- **DATA PROVIDED**:
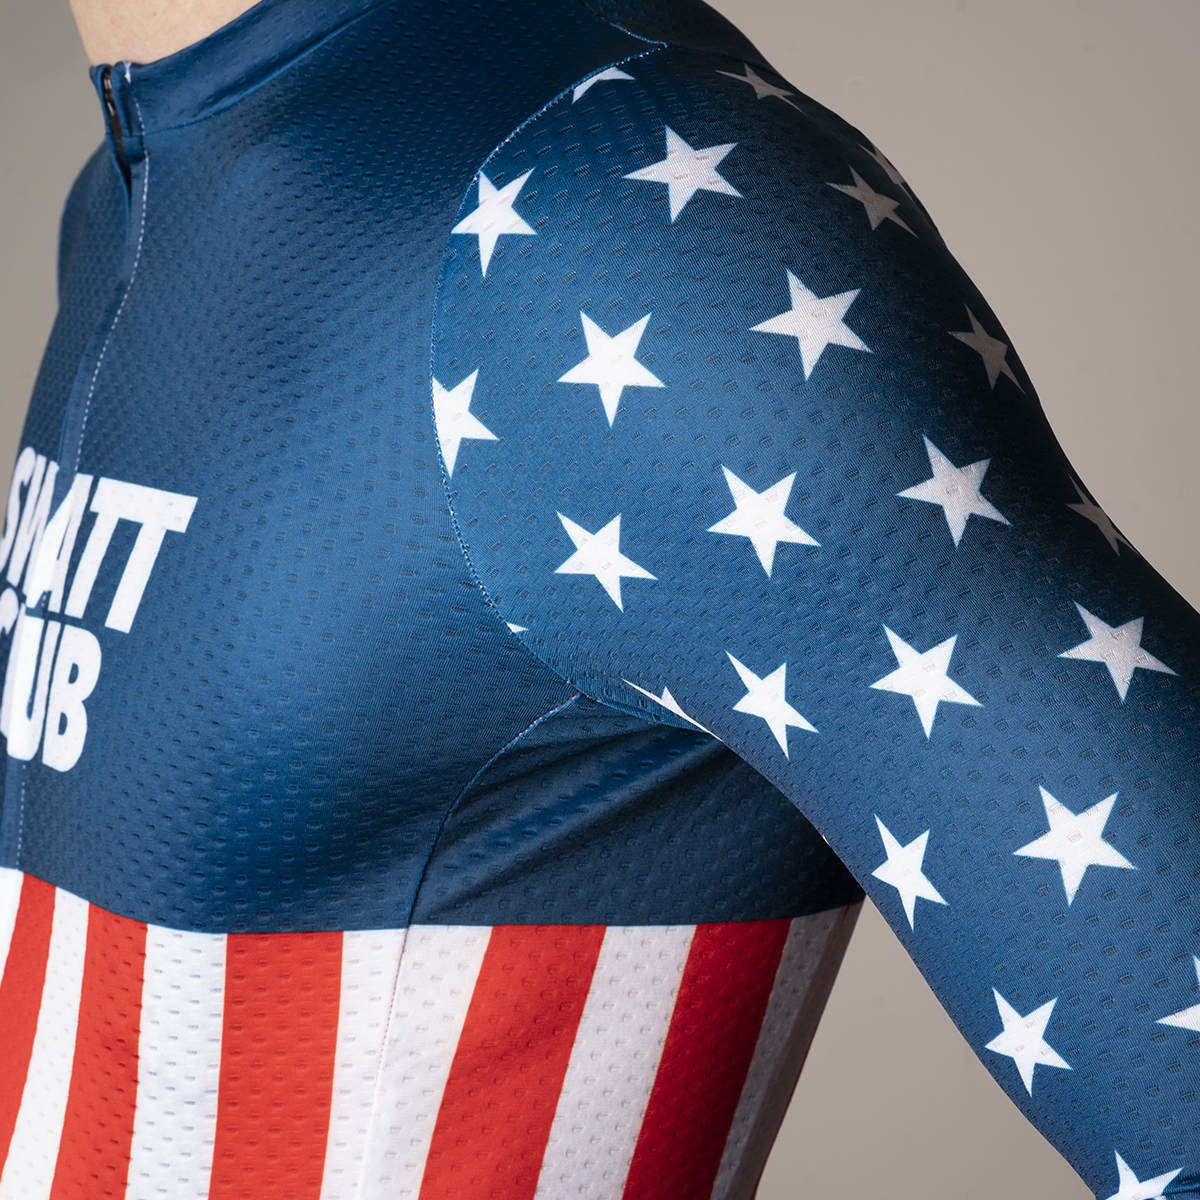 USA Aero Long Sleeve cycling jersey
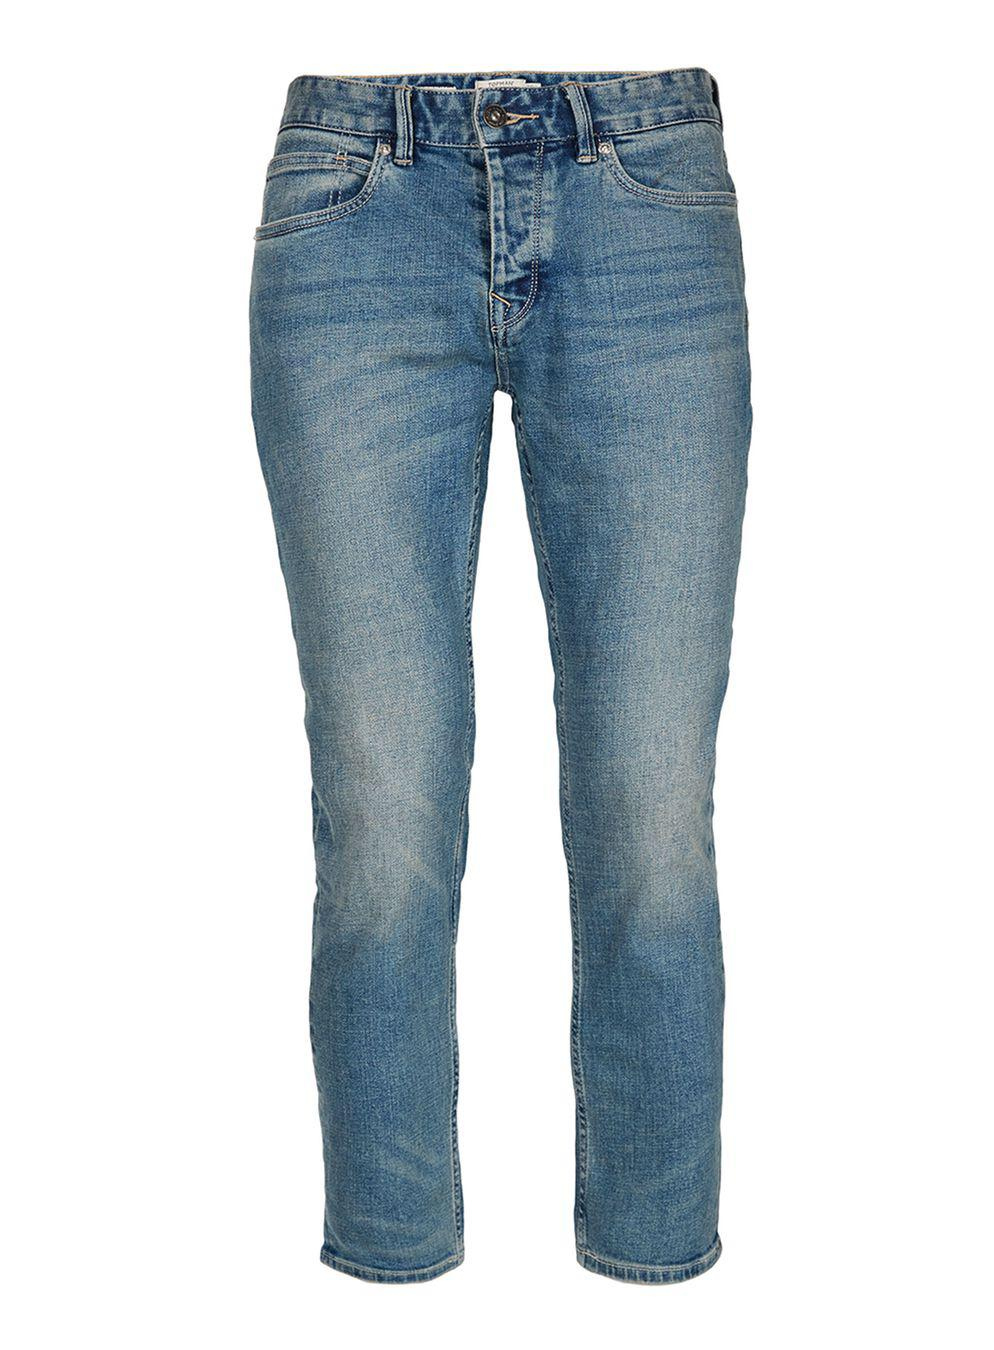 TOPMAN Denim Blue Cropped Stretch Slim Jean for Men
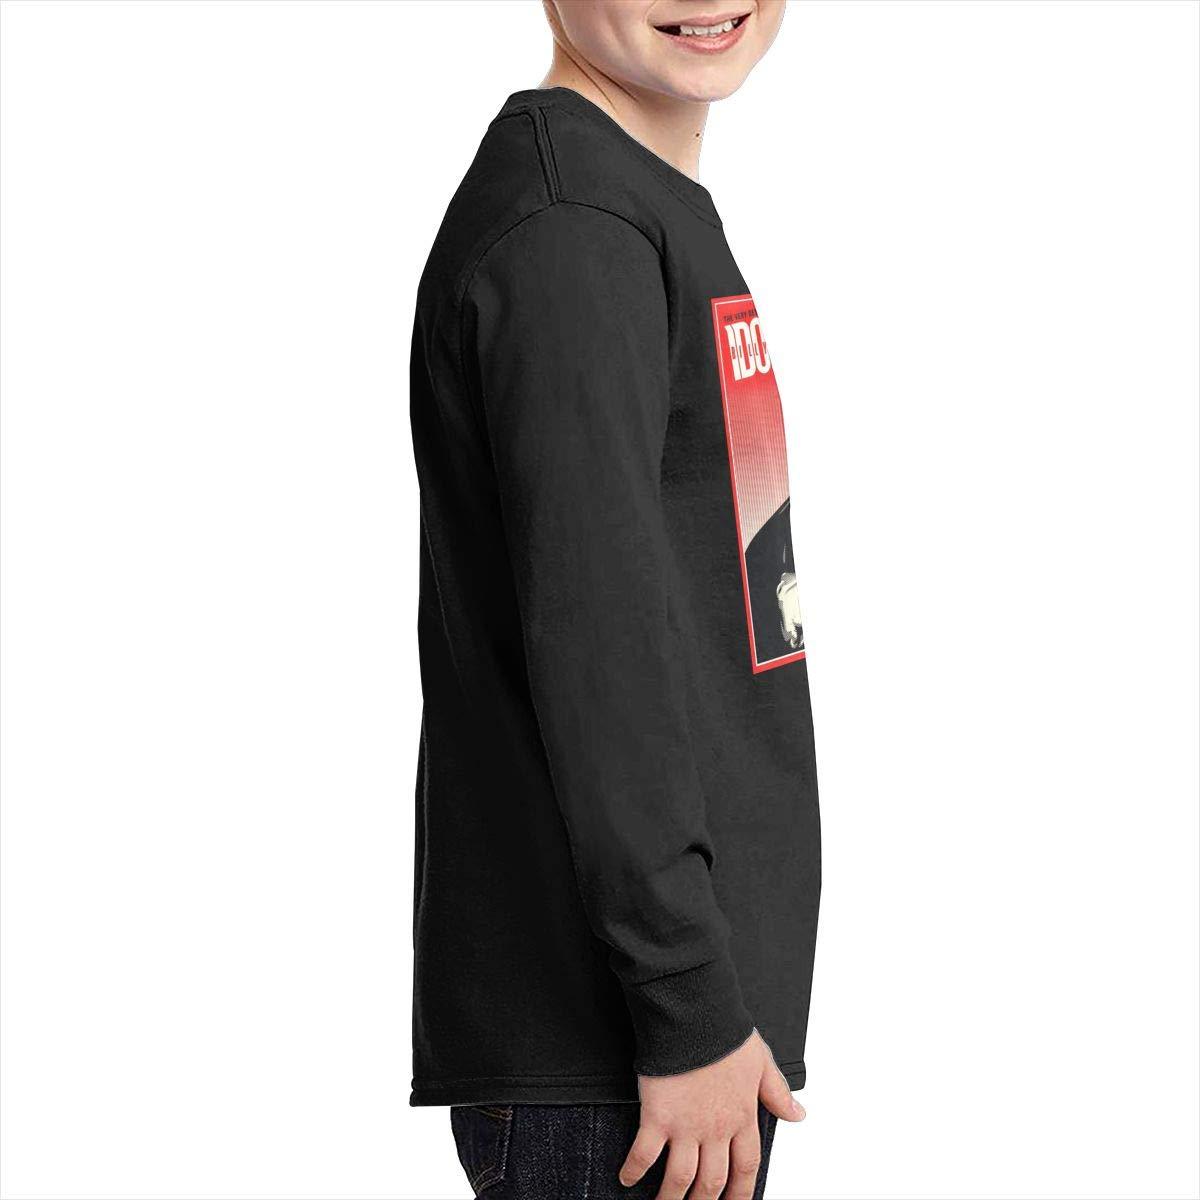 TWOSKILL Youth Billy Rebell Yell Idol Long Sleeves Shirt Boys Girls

- **PROBLEM DETAILS**: From the line that contains "TOPMAN Denim Blue" to the last line of the data above, inclusive, transcribe every line exactly and only those lines, omitting pictures.

- **ANSWER TO THIS EXERCISE**:
 TOPMAN Denim Blue Cropped Stretch Slim Jean for Men
 TWOSKILL Youth Billy Rebell Yell Idol Long Sleeves Shirt Boys Girls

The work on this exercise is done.